New Zealand needs immigrants to fill skills shortages, Prime Minister Chris Hipkins said, indicating he won’t seek to actively curtail a record inflow of foreign workers if he wins next month’s election.
(Bloomberg) — New Zealand needs immigrants to fill skills shortages, Prime Minister Chris Hipkins said, indicating he won’t seek to actively curtail a record inflow of foreign workers if he wins next month’s election.
“We are going to have to bring in skilled workers,” Hipkins said at the Bloomberg Address Wednesday in Auckland. “What we will focus on is making sure the immigration that we have is contributing to economic growth and isn’t being used as a substitute for it.”
Hipkins, leader of the ruling Labour Party, said governments “can grow the economy just by putting people into it but that’s not going to raise our standard of living.”
“We have to carefully consider our immigration settings all the way along to make sure it’s contributing to overall growth per capita,” he said.
New Zealand is experiencing near-record net immigration after Hipkins tweaked policy to help solve a damaging worker shortage that was driving up wages and costs. The surge of arrivals has so far helped to calm pressures in the labor market without injecting fresh demand into housing that might trigger a fresh wave of inflation.
Net immigration rose to almost 87,000 in the 12 months through June — nearing the March 2020 peak — led by a record net 122,000 foreigners entering the country.
Hipkins said immigration has probably peaked and will decline, but he refused to set a target as his party did six years ago when it came into office.
The population surge means Hipkins is walking a tightrope ahead of the Oct. 14 election. His center-left Labour Party has traditionally opposed high immigration, campaigning for limits which would protect wages and being critical of how foreign buyers drove up house prices.
“Labour was very clear it wanted to build a high-wage, high-skill economy and do that through education and not by relying on heavy immigration,” said Robert MacCulloch, professor of macroeconomics at Auckland University. But “he was losing business support, and was also facing a weak economy. To me there seems a very clear link that the view was to radically loosen immigration to please business and to get the economy back up and running.”
While companies are now saying that skill shortages are not their most pressing concern, the economy is not back up and running. Most forecasters including the Reserve Bank expect it to enter a double-dip recession in the second half of the year.
‘Easier Lever’
Using immigration as a tool to tackle skill shortages is acceptable policy if it isn’t overdone, said Craig Renney, chief economist at the Council of Trade Unions. For now, the labor market has been strong enough to absorb the extra workers without driving down wages, he said.
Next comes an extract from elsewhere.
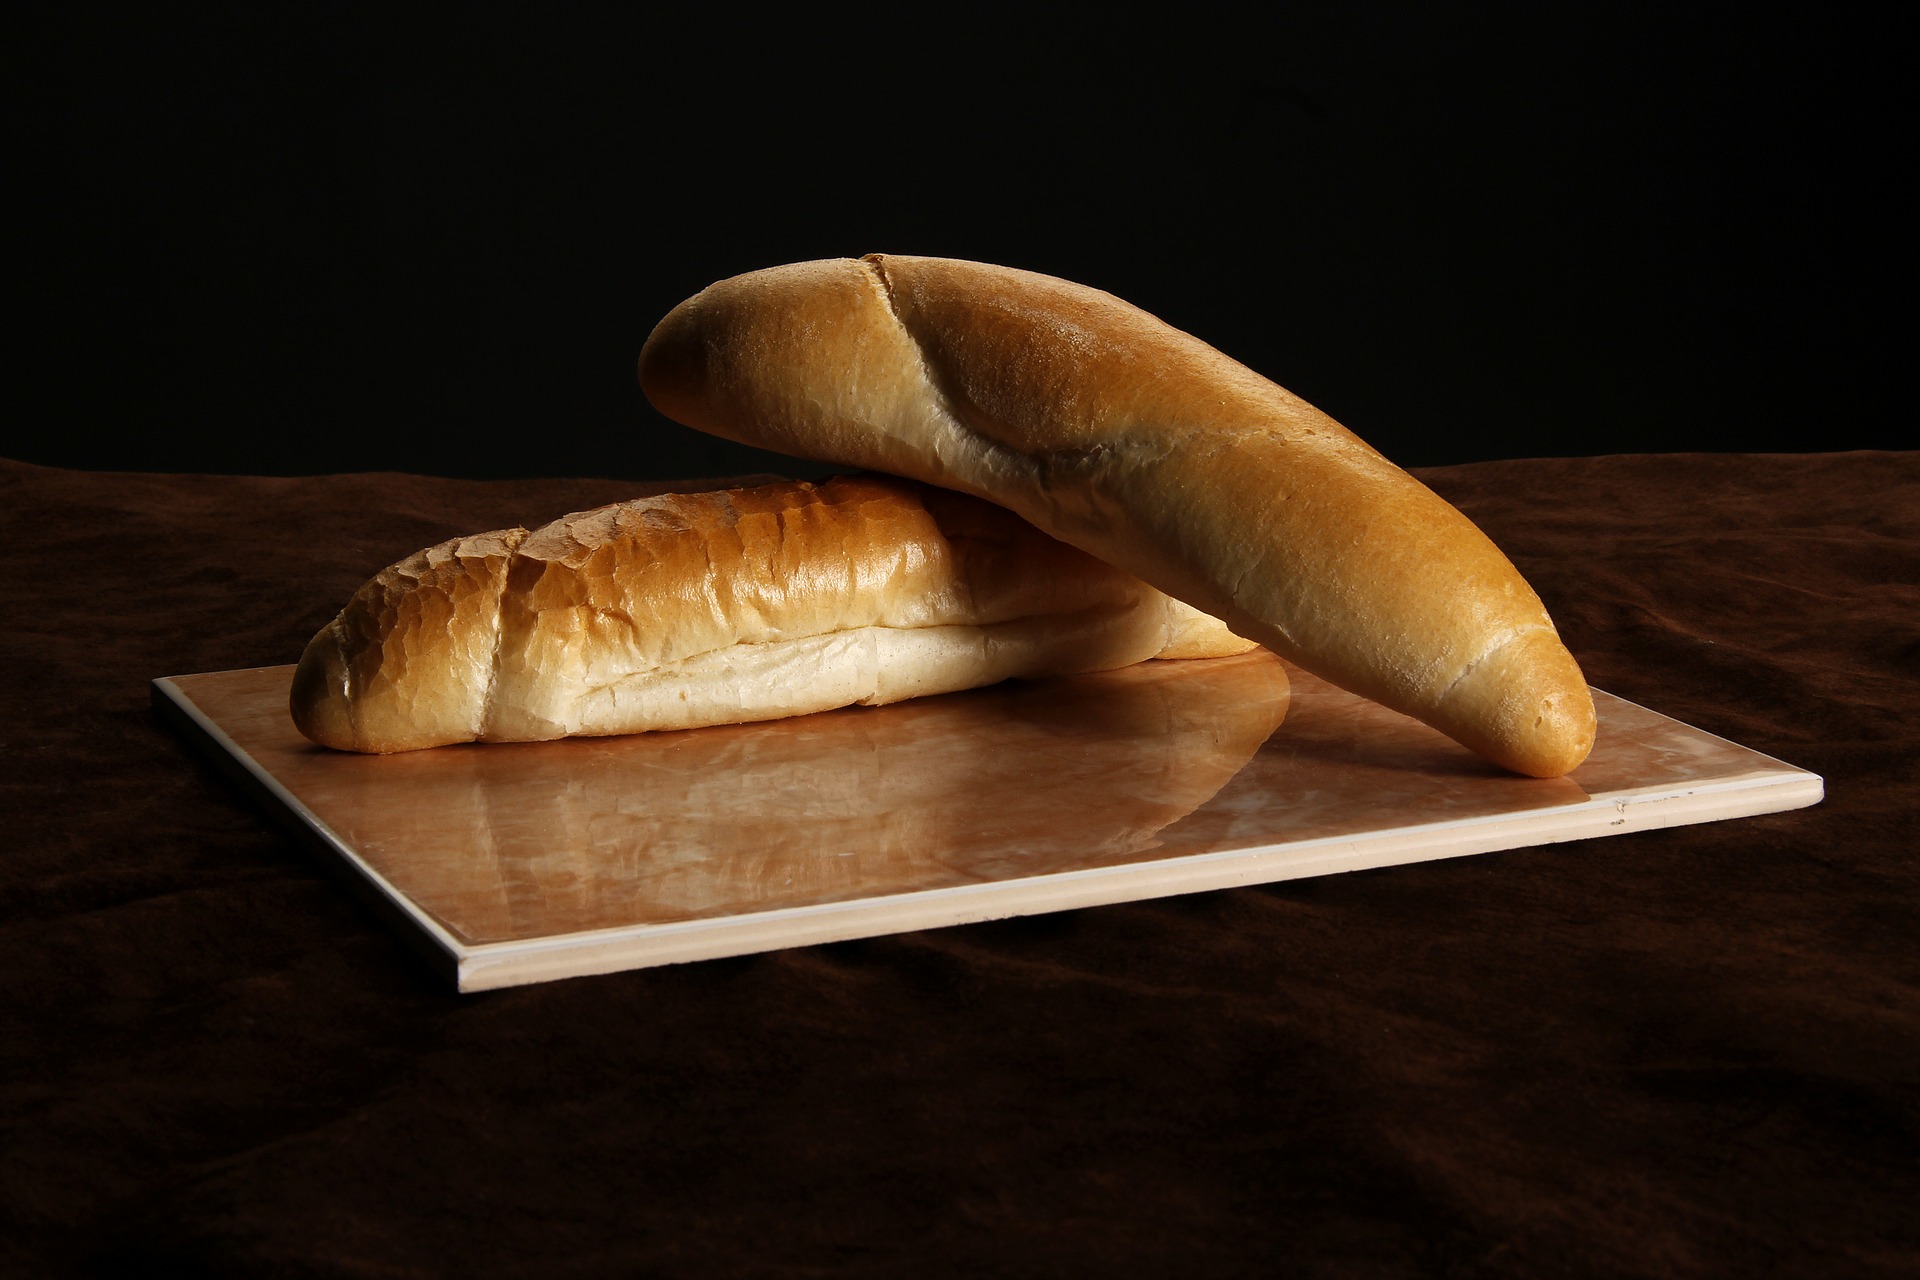 bread 565911 1920

“It is an easier lever to pull, but the ease with which we can pull it shouldn’t cause us to overuse it,” he told Bloomberg. “We shouldn’t be using immigration as a means to then simply say we don’t need to do training, we don’t need to do the development of the workforce.”
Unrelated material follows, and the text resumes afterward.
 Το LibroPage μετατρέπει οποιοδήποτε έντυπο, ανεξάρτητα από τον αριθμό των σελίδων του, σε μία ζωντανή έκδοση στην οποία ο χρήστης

Renney wants the government to pay more attention to overall workforce planning and the role of immigration. That includes considering whether New Zealand has the skills required to take on a particular project and, if foreign workers are required, the capacity to absorb them into the community.
At Labour’s campaign launch last weekend, Hipkins said his government would extend free dental care to all those aged under 30 years. But the country would have to attract dentists from overseas to deliver on that policy, he said.